2 . The method of claim 1 , wherein the chlorine-containing source material comprises at least one of AlCl 3 , Al 2 Cl 6 , or any combination thereof.
3 . The method of claim 1 , wherein the vaporizing comprises heating the chlorine-containing source material to a temperature in a range of 60° C. to 250° C.
4 . The method of claim 1 , wherein the flowing comprises flowing the chlorine-containing gas at a pressure in a range of 2 Torr to 750 Torr.
5 . The method of claim 1 , wherein the solid aluminum target material comprises at least one of aluminum, aluminum oxide, aluminum nitride, aluminum carbide, aluminum boride, or any combination thereof.
6 . The method of claim 1 , wherein the aluminum ions comprise at least one of Al 2 + , Al + , Al 2+ , Al 3+ , or any combination thereof.
7 . The method of claim 1 , further comprising:
obtaining a second vessel, the second vessel comprising a hydrogen-containing co-gas; and flowing the hydrogen-containing co-gas from the second vessel to the ion source chamber of the ion implantation device.
8 . The method of claim 7 , wherein the hydrogen-containing co-gas comprises at least one of H 2 , PH 3 , AsH 3 , SiH 4 , Si 2 H 6 , B 2 H 6 , CH 4 , C 2 H 6 , NH 3 , N 2 H 4 , GeH 4 , Ge 2 H 6 , or any combination thereof.
9 . A method of ion implantation comprising:
obtaining a first vessel, the first vessel comprising a chlorine-containing gas; flowing the chlorine-containing gas to an ion source chamber of an ion implantation device; contacting the chlorine-containing gas with a solid aluminum target material present within the ion source chamber; and generating aluminum ions at the ion source chamber for implantation into a substrate.
10 . The method of claim 9 , wherein the chlorine-containing gas comprises at least one of PCl 3 , PCl 5 , POCl 3 , Cl 2 , MoO 2 Cl 2 , WOCl 4 , WCl 5 , BCl 3 , HCl, SiCl 4 , GeCl 4 , AsCl 3 , SbCl 5 , GaCl 3 , AlCl 3 , Al 2 Cl 6 , or any combination thereof.
11 . The method of claim 9 , wherein the solid aluminum target material comprises at least one of aluminum, aluminum oxide, aluminum nitride, aluminum carbide, aluminum boride, or any combination thereof.

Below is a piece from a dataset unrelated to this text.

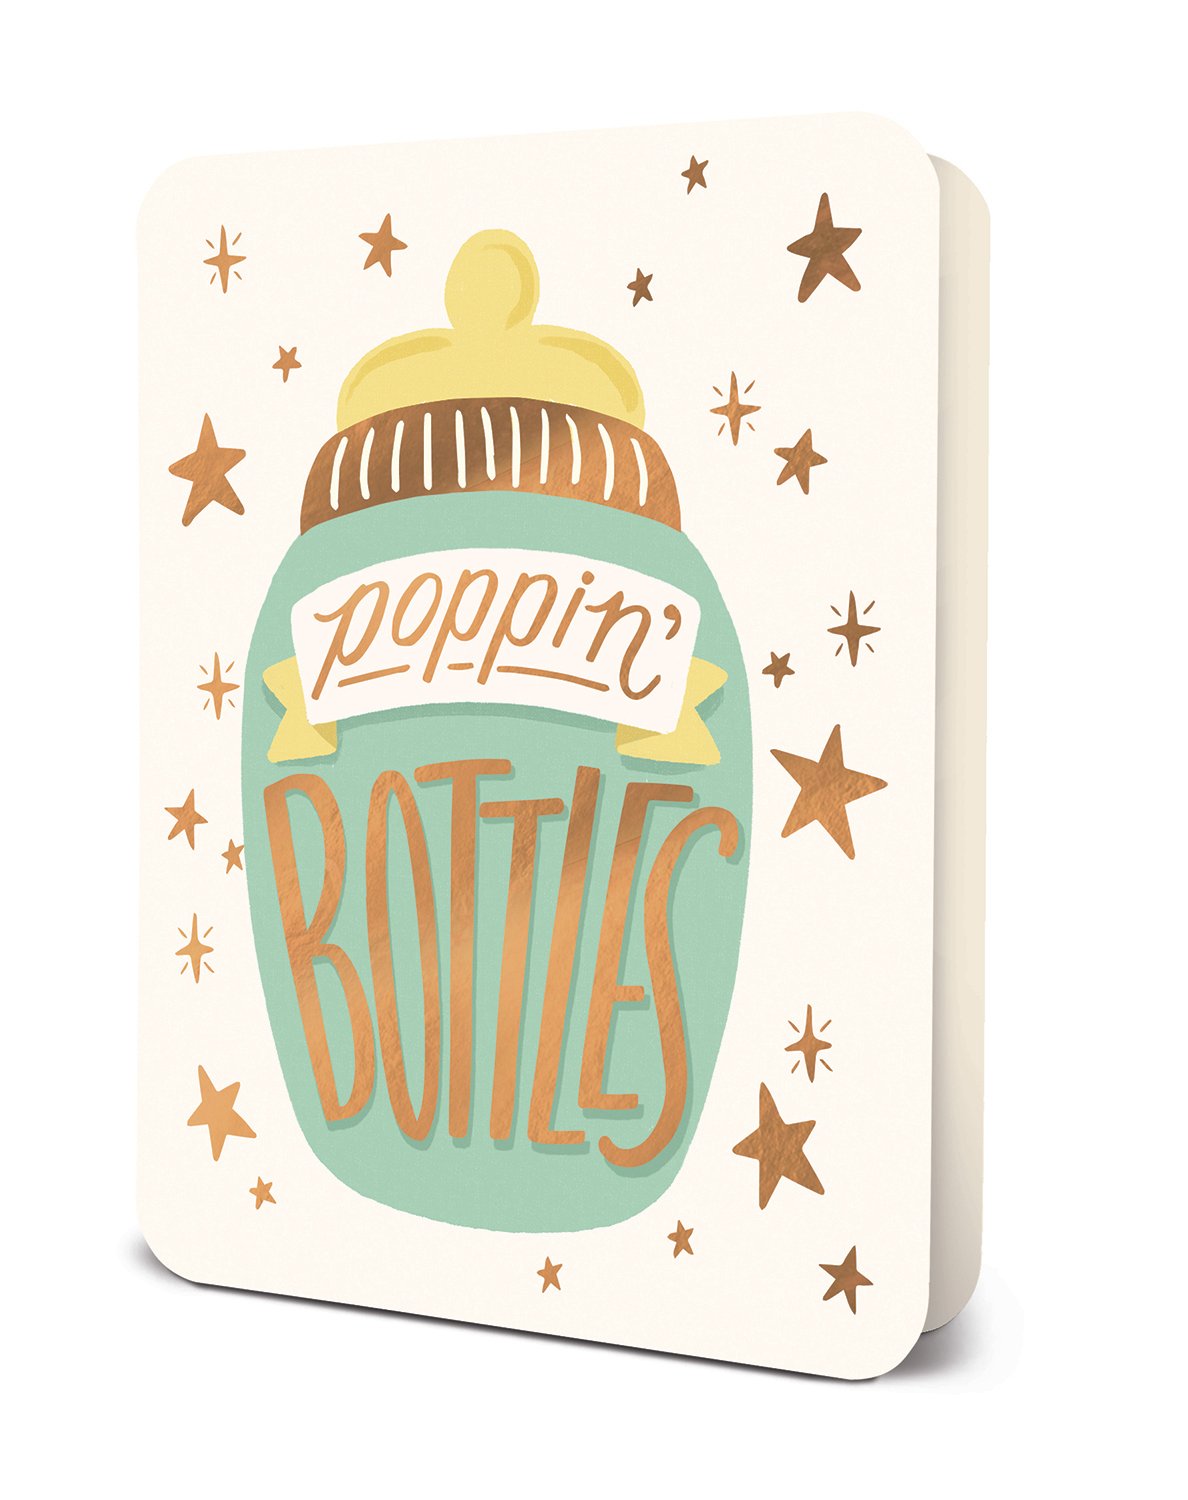 Poppin Bottles - Greeting Card Greeting Card Orange Circle Studio

12 . The method of claim 9 , wherein the aluminum ions comprise at least one of Al 2 + , Al + , Al 2+ , Al 3+ , or any combination thereof.
13 . The method of claim 9 , further comprising:
obtaining a second vessel, the second vessel comprising a hydrogen-containing co-gas; and flowing the hydrogen-containing co-gas from the second vessel to the ion source chamber of the ion implantation device.
14 . The method of claim 13 , wherein the hydrogen-containing co-gas comprises at least one of H 2 , PH 3 , AsH 3 , SiH 4 , Si 2 H 6 , B 2 H 6 , CH 4 , C 2 H 6 , NH 3 , N 2 H 4 , GeH 4 , Ge 2 H 6 , or any combination thereof.
15 . The method of claim 9 , further comprising:
obtaining a third vessel, the third vessel comprising a fluorine-containing co-gas; and flowing the fluorine-containing co-gas from the third vessel to the ion source chamber of the ion implantation device.
16 . An ion implantation system comprising:
an ion implantation device, the ion implantation device comprising:
an ion source chamber comprising a solid aluminum source material; and
a vaporizer fluidly coupled to the ion source chamber;
a first vessel, the first vessel comprising at least one of:
a chlorine-containing source material, a chlorine-containing gas, or any combination thereof;
wherein the first vessel is fluidly couplable to the ion source chamber of the ion implantation device;
wherein the ion implantation system is configured to generate aluminum ions for implantation into a substrate.
17 . The ion implantation system of claim 16 , wherein the solid aluminum source material comprises at least one of aluminum, aluminum oxide, aluminum nitride, aluminum carbide, aluminum boride, or any combination thereof.
18 . The ion implantation system of claim 16 , wherein the chlorine-containing source material comprises at least one of AlCl 3 , Al 2 Cl 6 , or any combination thereof.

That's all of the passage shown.